▶ _REQUIRED WORK_
Could the data below be copied exactly, minus the pictures?

▶ _DATA EXCERPT_
::::::::::

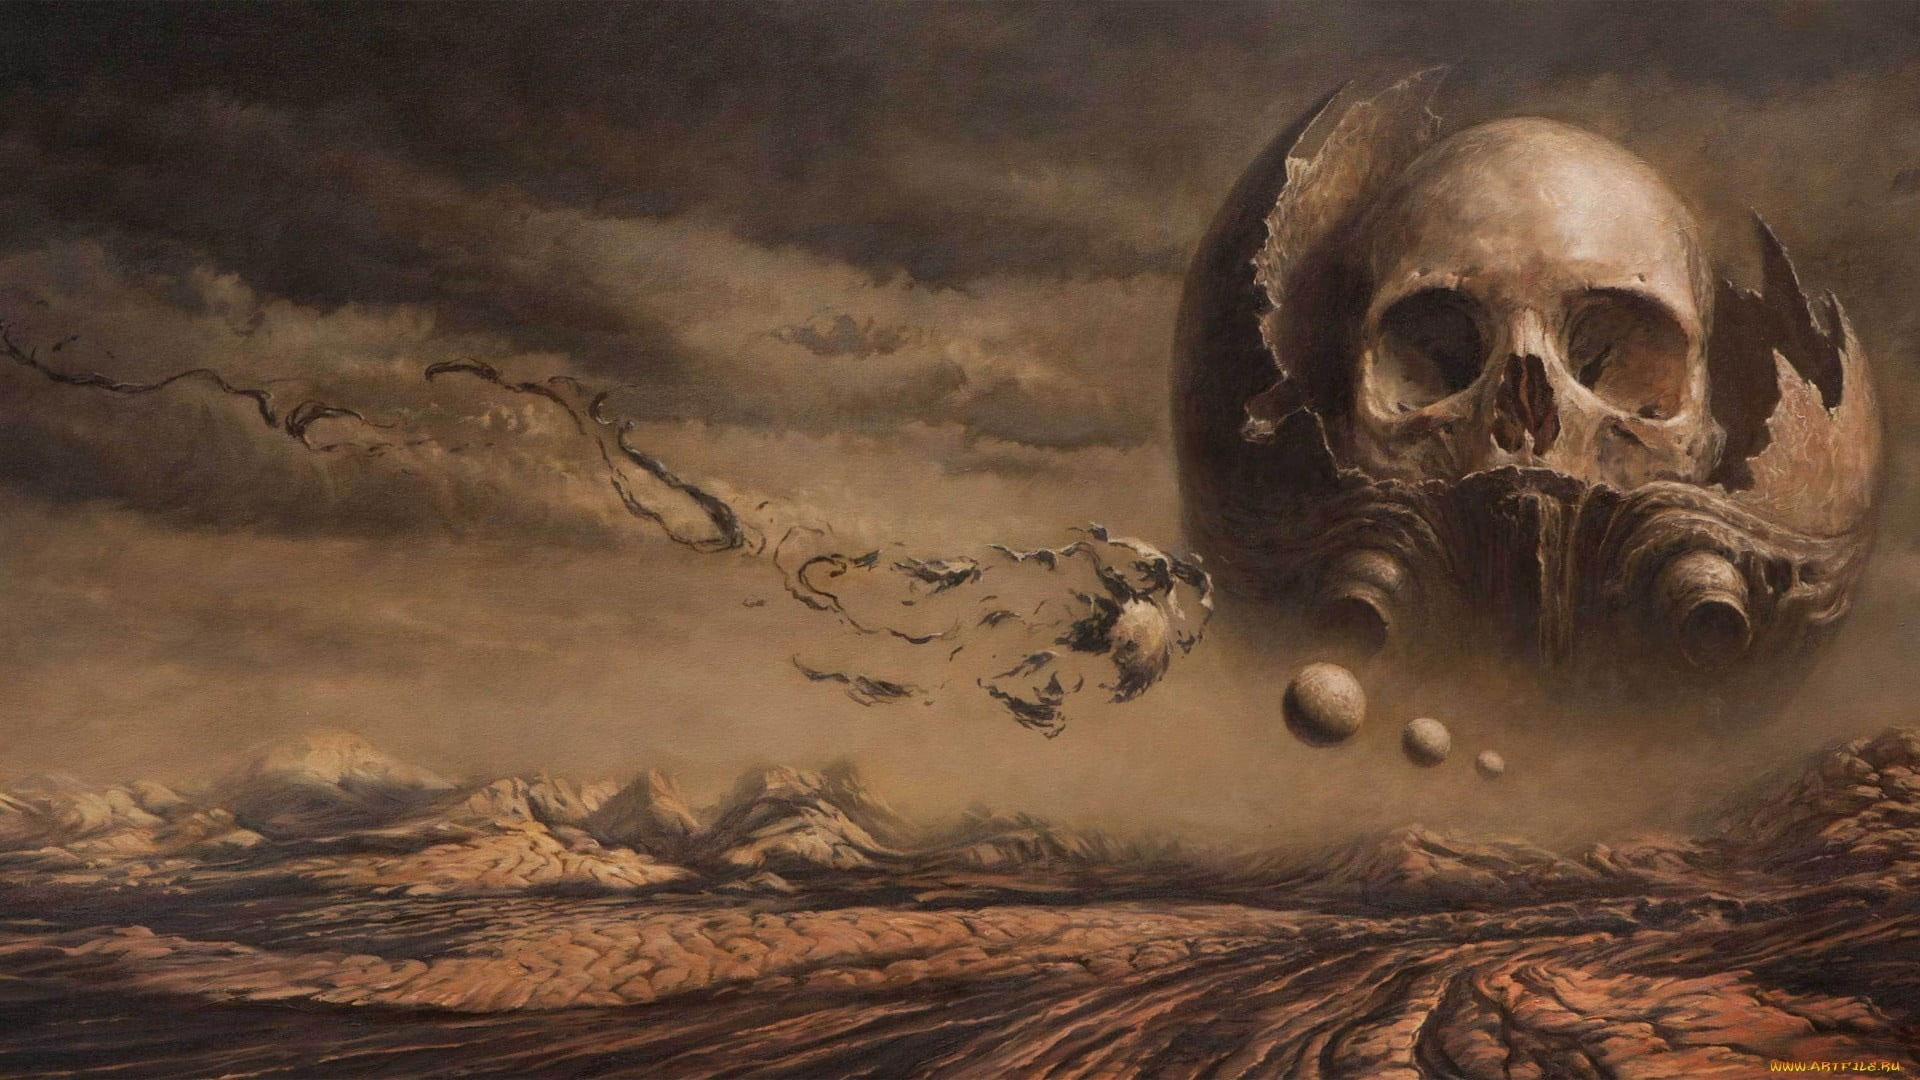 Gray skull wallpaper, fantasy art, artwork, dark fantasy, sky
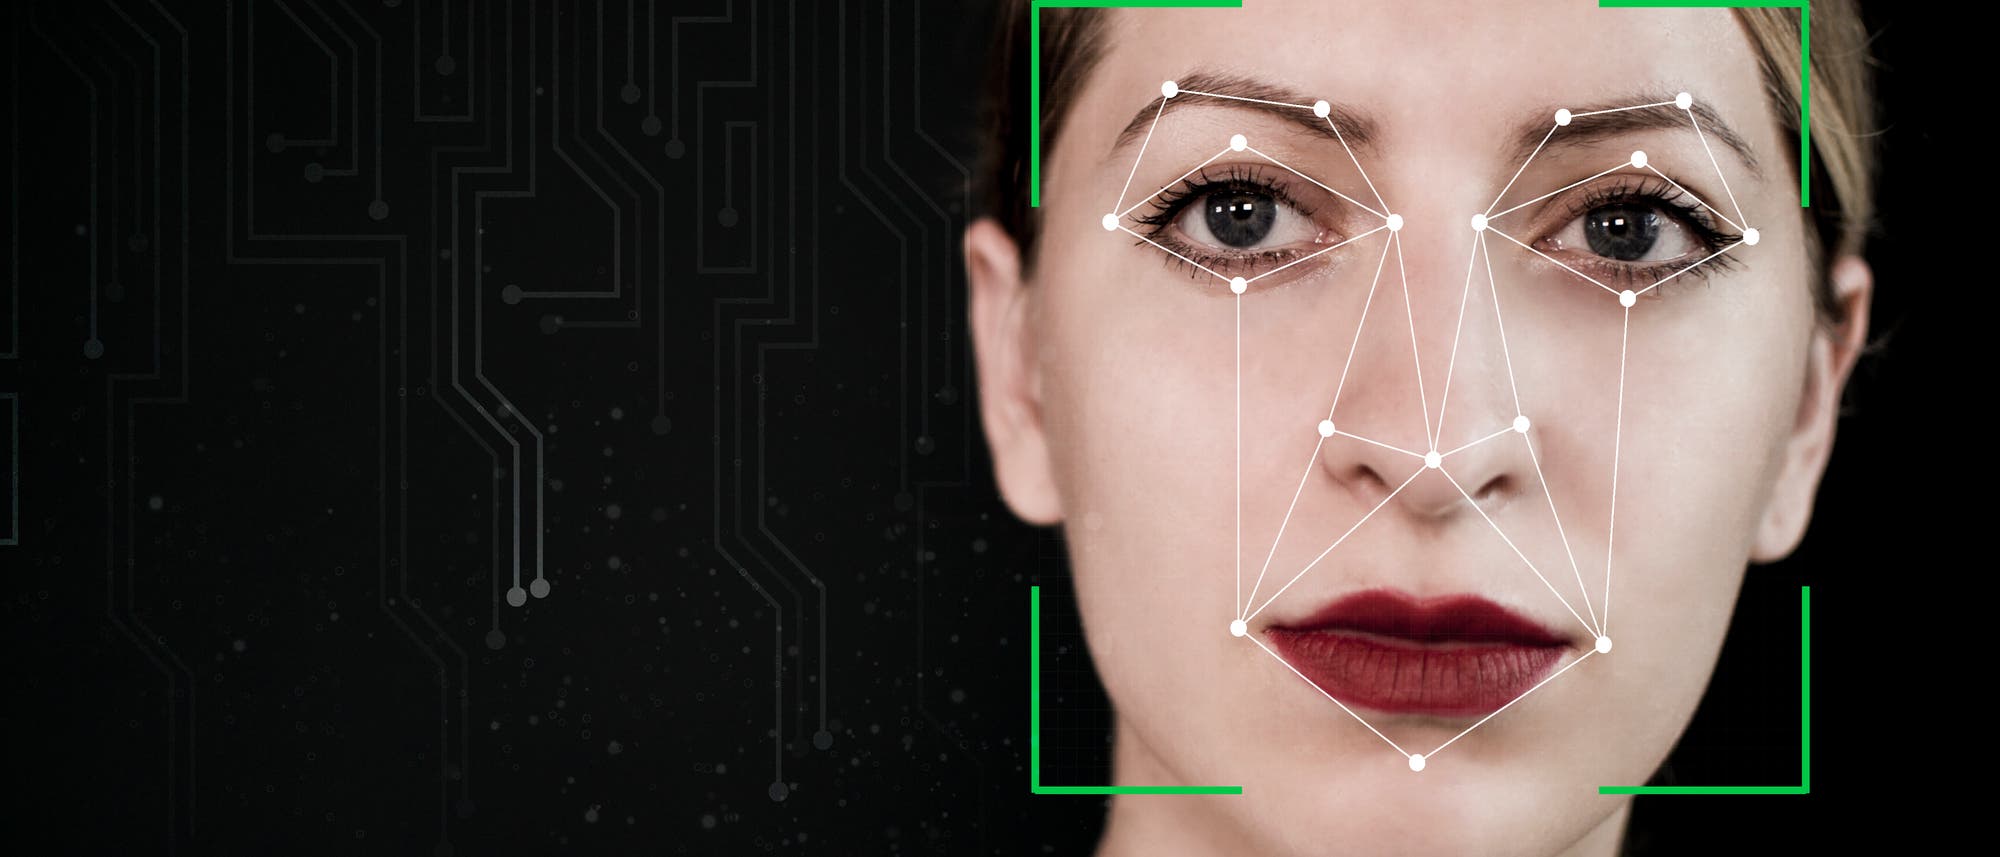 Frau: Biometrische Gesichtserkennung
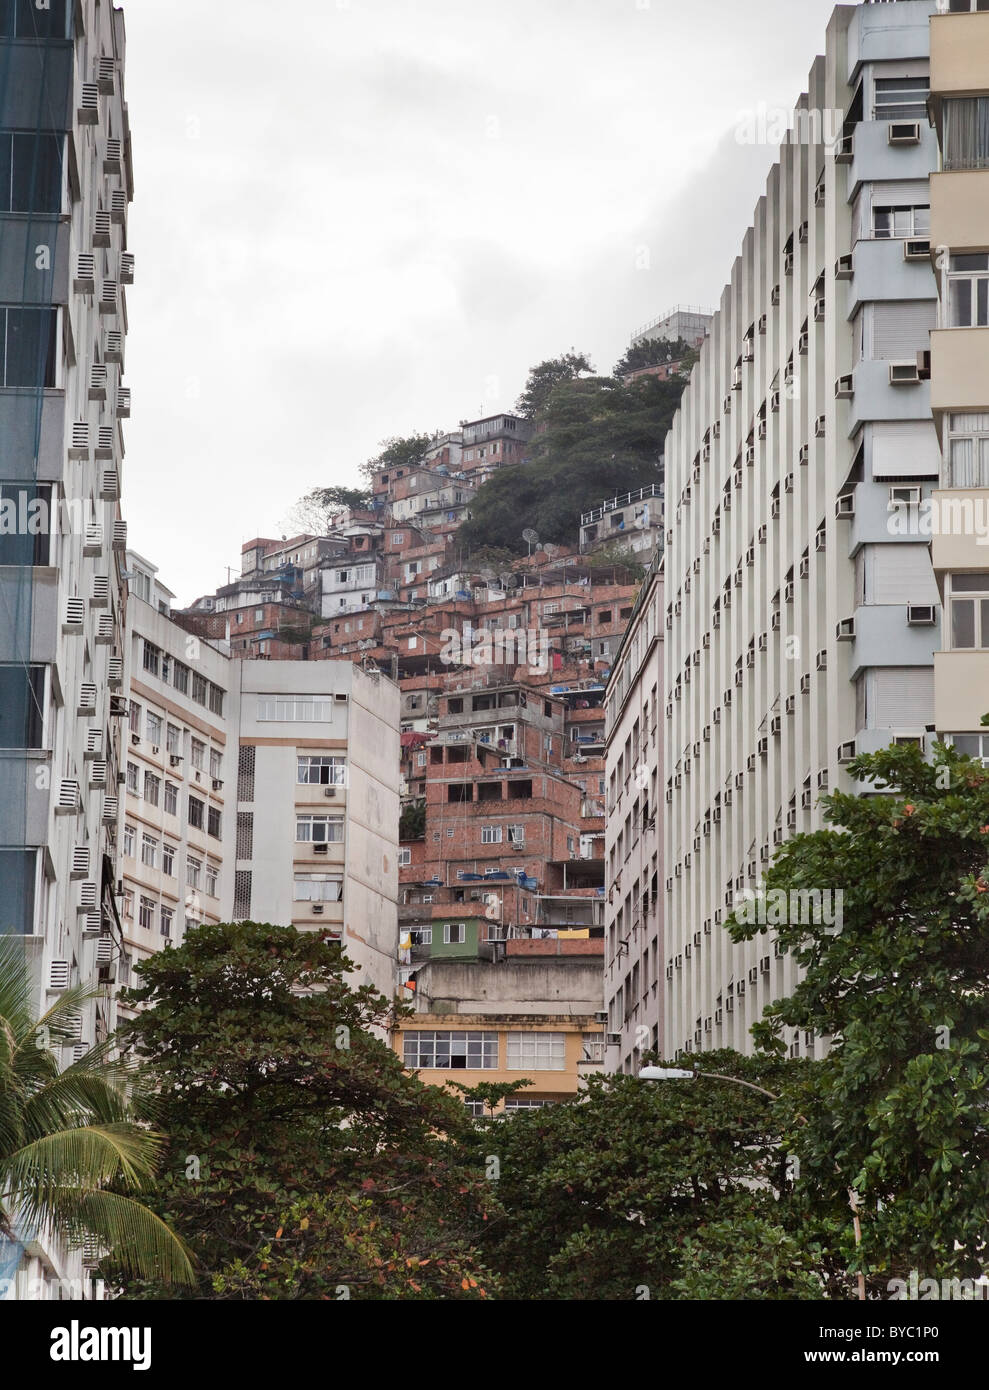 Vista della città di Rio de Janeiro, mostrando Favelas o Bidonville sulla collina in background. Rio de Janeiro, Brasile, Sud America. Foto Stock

::::::::::

▶ _RESULT FOR THIS TASK_
 Gray skull wallpaper, fantasy art, artwork, dark fantasy, sky
 Frau: Biometrische Gesichtserkennung
 Vista della città di Rio de Janeiro, mostrando Favelas o Bidonville sulla collina in background. Rio de Janeiro, Brasile, Sud America. Foto Stock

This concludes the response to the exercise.